We first revisit linear methods for classification. Let \(G(x)\) be our predictor that takes values in a discrete set of K classes \(\{1, 2, \dots, K\}\). Here we consider a member of a class of methods that model discriminant functions \(\delta_k(x)\) for each class, and classify \(x\) to the class with the largest value for its discriminant function, \(\hat G(x) = \mathop{\mathrm{arg\,max}}_k \delta_k(x)\).
Suppose \(f_k(x) = \Pr(X=x | G = k)\) is the class-conditional density of \(X\) in class \(G=k\), and let \(\pi_k = \Pr(G = k)\) be the prior probability of class k, with \(\sum_{k=1}^{K} \pi_k = 1\).

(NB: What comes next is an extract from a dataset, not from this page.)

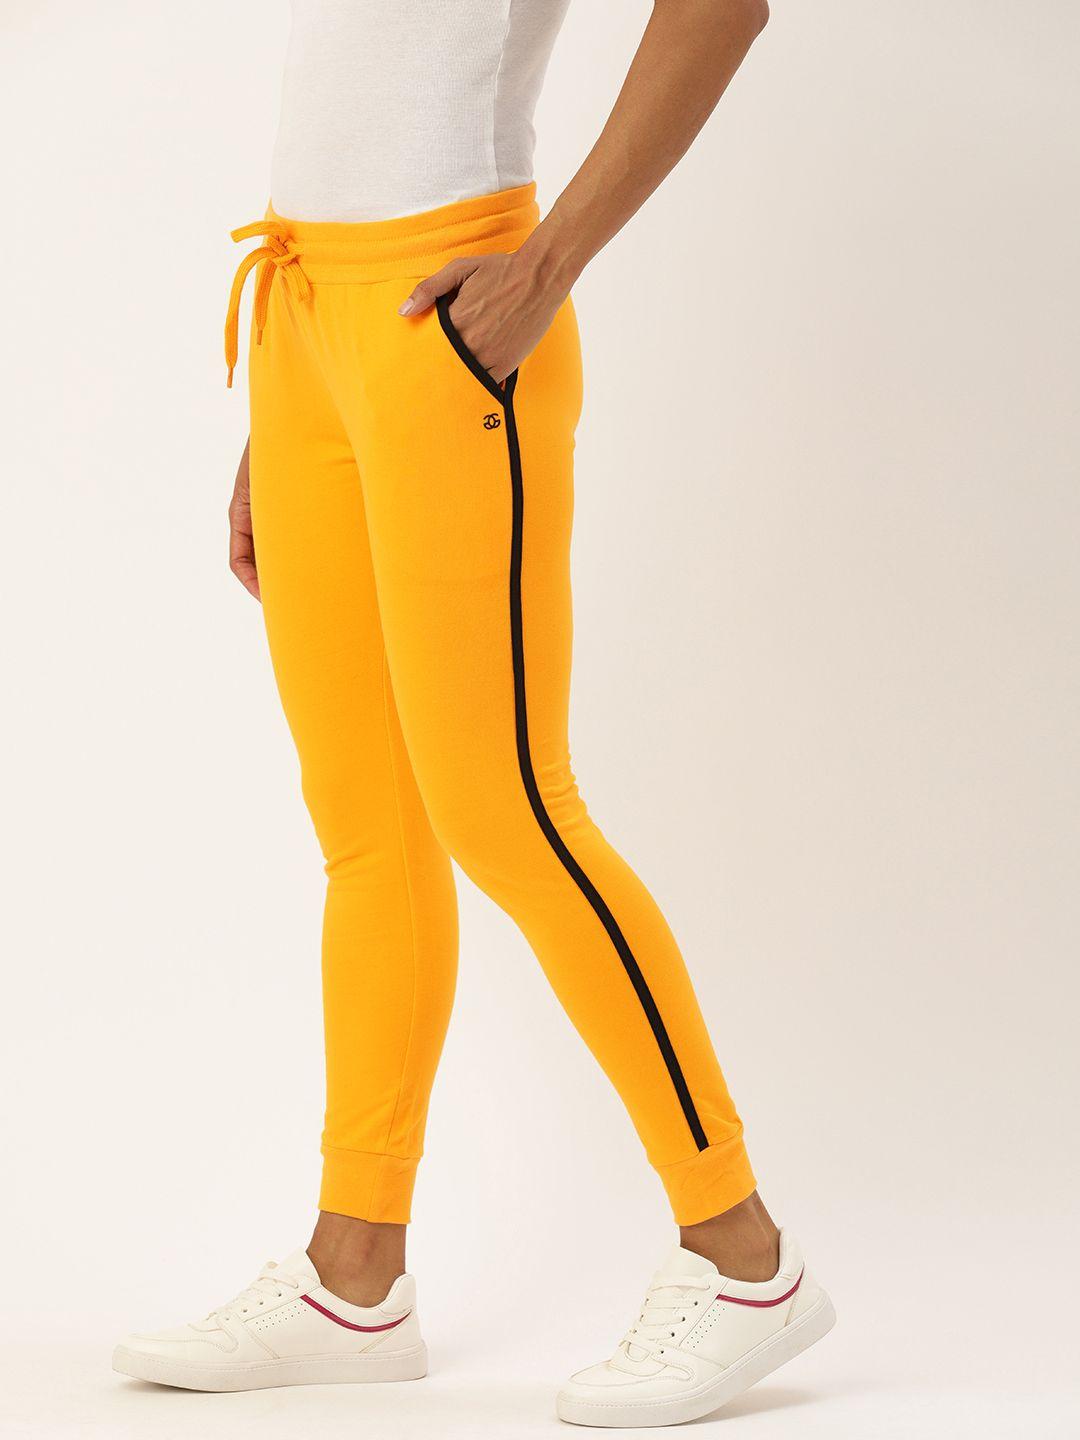 genius18 women yellow & black striped slim fit joggers

Bayes theorem gives us
\[ \Pr(G=k|X=x) = \frac{f_k(x)\pi_k}{\sum_{l=1}^K f_l(x)\pi_l} \]
Suppose we model each class density as multivariate Gaussian \[ f_k(x) = \frac{1}{(2\pi)^{p/2} |\mathbf{\Sigma_k}|^{1/2}} e^{-\frac{1}{2}(x-\mu_k)^T\mathbf{\Sigma}_k^{-1}(x-\mu_k)} \]

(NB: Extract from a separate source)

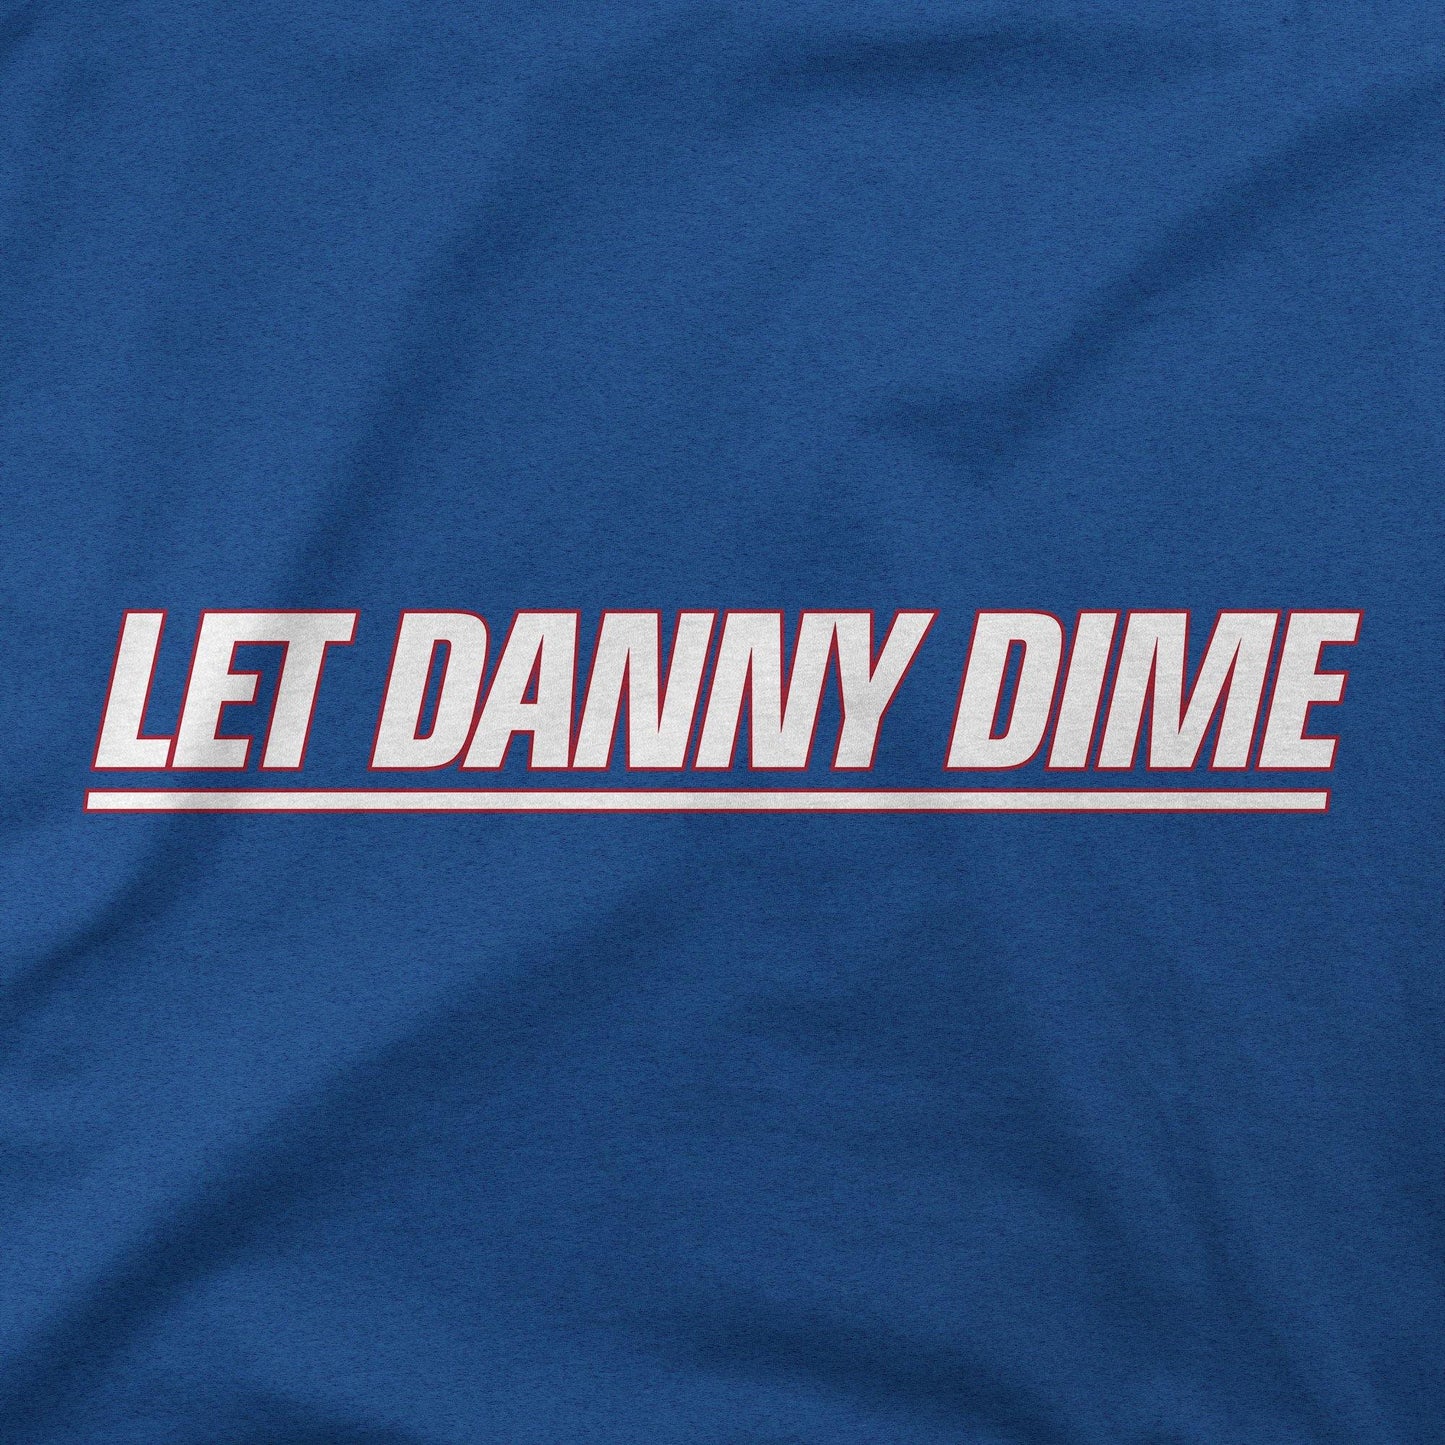 Let Danny Dime | T-Shirt - Jomboy Media

Linear discriminant analysis (LDA) arises in the special case when we assume all classes have a common covariance matrix \(\mathbf{\Sigma_k}=\mathbf{\Sigma}\). Therefore, comparing two classes \(k\) and \(l\), we see \[ \begin{aligned} \log \frac{\Pr(G=k|X=x)}{\Pr(G=l|X=x)} &= \log \frac{f_k(x)}{f_l(x)} + \log \frac{\pi_k}{\pi_l} \\ &= \log \frac{\pi_k}{\pi_l} - \frac{1}{2}(\mu_k + \mu_l)^T\mathbf{\Sigma}_k^{-1}(\mu_k - \mu_l) + x^T \mathbf{\Sigma}^{-1}(\mu_k - \mu_l), \end{aligned} \] is an equation linear in \(x\). This linear log-odds function implies that the decision boundary between classes \(k\) and \(l\) is linear in x. This means if we divide \(\mathbb{R}^p\) into regions that are classified as class 1, class 2, etc., these regions will be separated by hyperplanes.

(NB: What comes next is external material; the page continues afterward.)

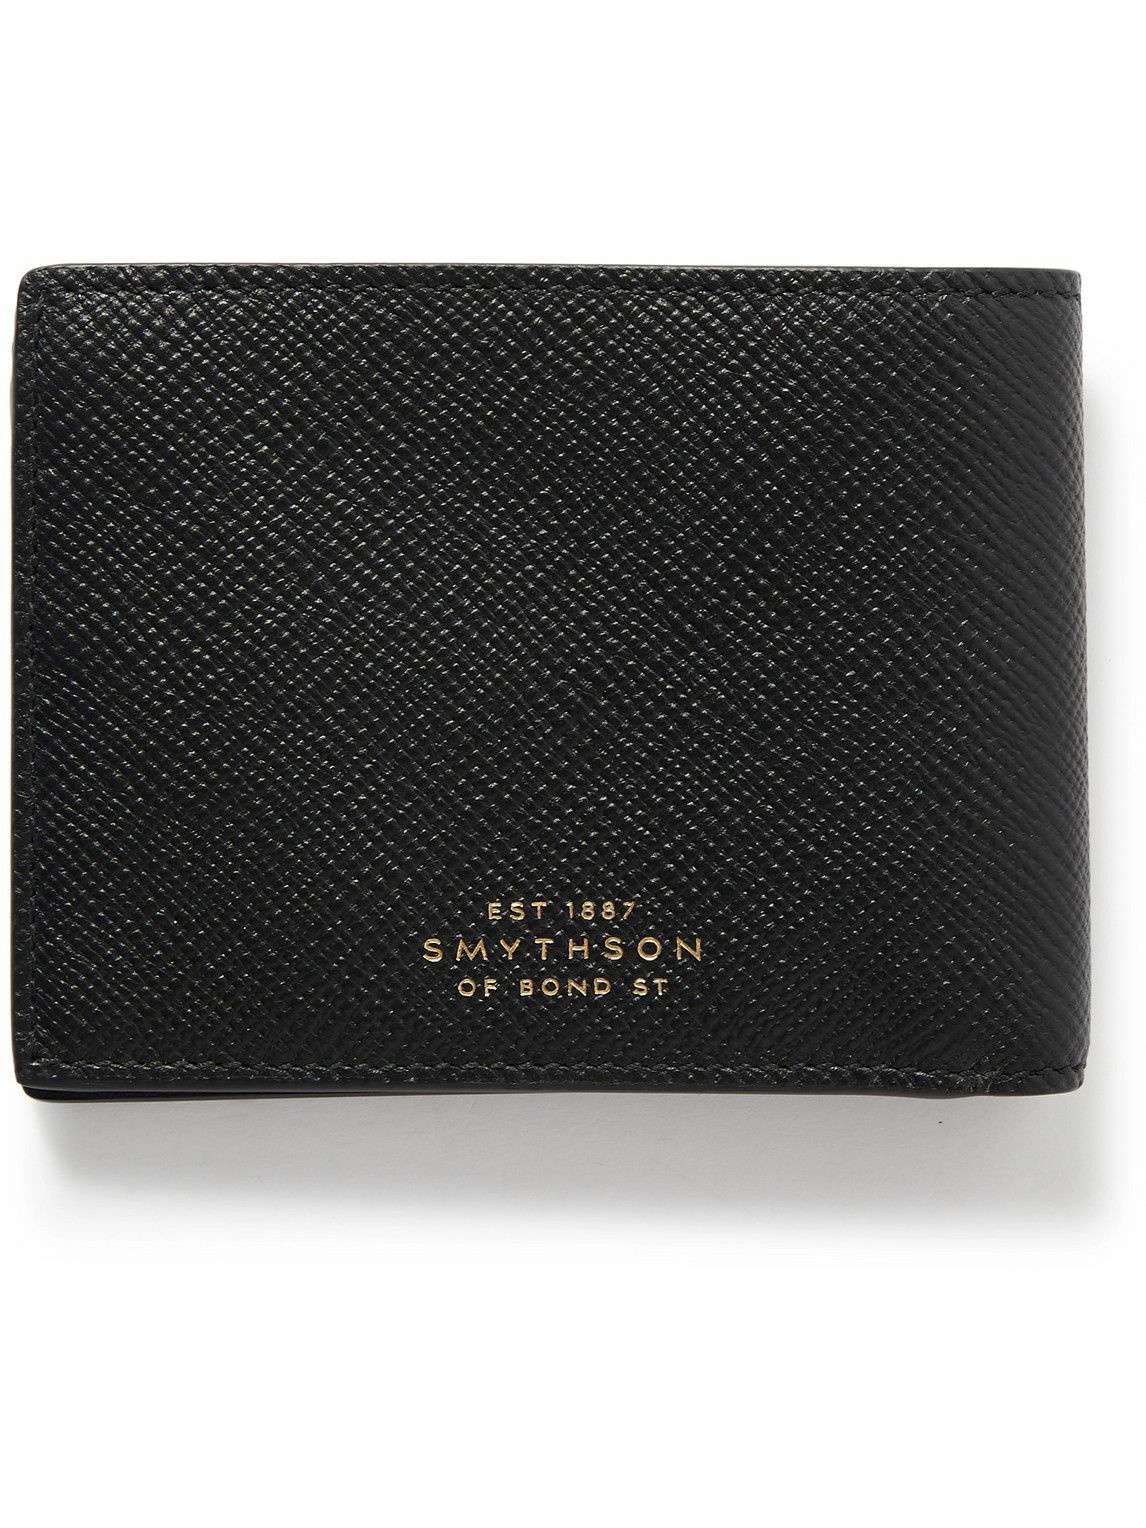 Smythson - Panama Cross-Grain Leather Billfold Wallet Smythson

The linear discriminant functions are \[ \delta_k(x) = x^T\mathbf{\Sigma}^{-1}\mu_k - \frac{1}{2}\mu_k^T\mathbf{\Sigma}^{-1}\mu_k + \log \pi_k \]
In practice, we need to estimate parameters of the Gaussian distributions using training data
\(\hat \pi_k = N_k / N\)
\(\hat \mu_k = \sum_{g_i = k} x_i/N_k\)
\(\hat{\mathbf{\Sigma}} = \sum_{k=1}^K \sum_{g_i = k} (x_i - \hat{\mu}_k)(x_i - \hat{\mu}_k)^T /(N-K)\).
For more general case where \(\mathbf{\Sigma}_k\) are not assumed to be equal, use quadratic discriminant functions (QDA), \[ \delta_k(x) = -\frac{1}{2}\log|\mathbf{\Sigma}_k| -\frac{1}{2}(x-\mu_k)^T\mathbf{\Sigma}_k^{-1}(x-\mu_k) + \log \pi_k \]
Consider a training dataset of \(N\) pairs \((x_1, y_1)\), \((x_2, y_2)\), …, \((x_N, y_N)\), with \(x_i \in \mathbb{R}^p\) and \(y_i \in \{-1, 1\}\)。 Define a hyperplane by \[ \{x:f(x) = x^T\beta + \beta_0 = 0\}, \] where \(\beta\) is a unit vector: \(||\beta|| = 1\). And the classification rule induced by \(f(x)\) is \[ G(x) = \mathop{\mathrm{sign}}[x^T\beta + \beta_0] \]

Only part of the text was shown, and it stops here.